= Beginning of Section =

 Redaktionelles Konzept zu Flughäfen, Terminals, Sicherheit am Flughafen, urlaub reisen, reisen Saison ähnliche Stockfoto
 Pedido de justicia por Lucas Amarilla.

= End of Section =
= Beginning of Section =

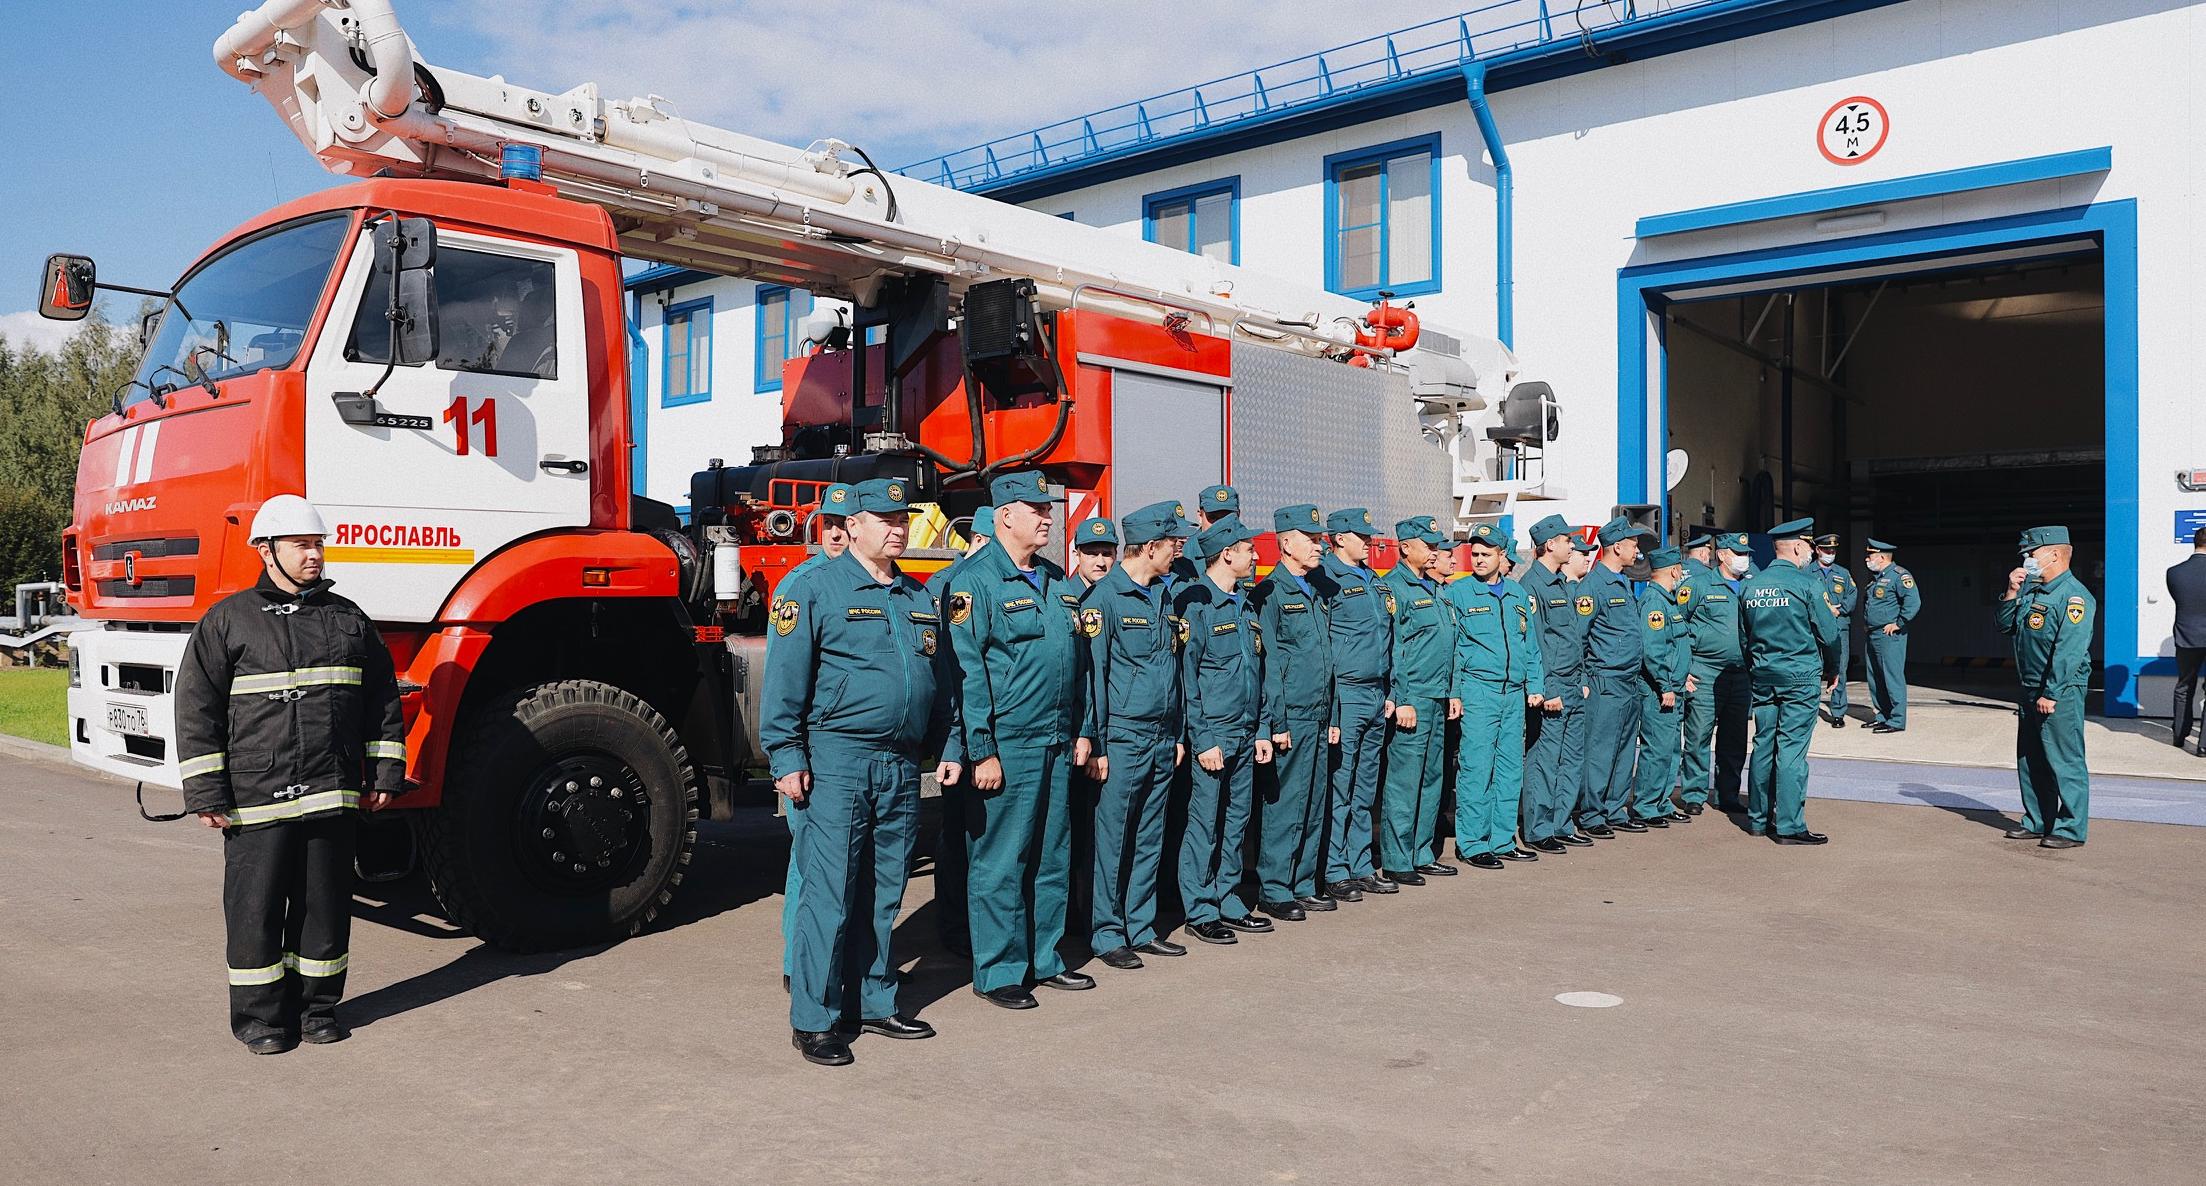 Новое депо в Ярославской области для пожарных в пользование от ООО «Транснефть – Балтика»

= End of Section =

> [THE PROBLEM]:
Reproduce word for word the material above, starting with the line that has "Redaktionelles Konzept zu" and stopping after the line that has "Pedido de justicia por Lucas Amarilla.".

> [FINISHED TASK]:
 Redaktionelles Konzept zu Flughäfen, Terminals, Sicherheit am Flughafen, urlaub reisen, reisen Saison ähnliche Stockfoto
 Pedido de justicia por Lucas Amarilla.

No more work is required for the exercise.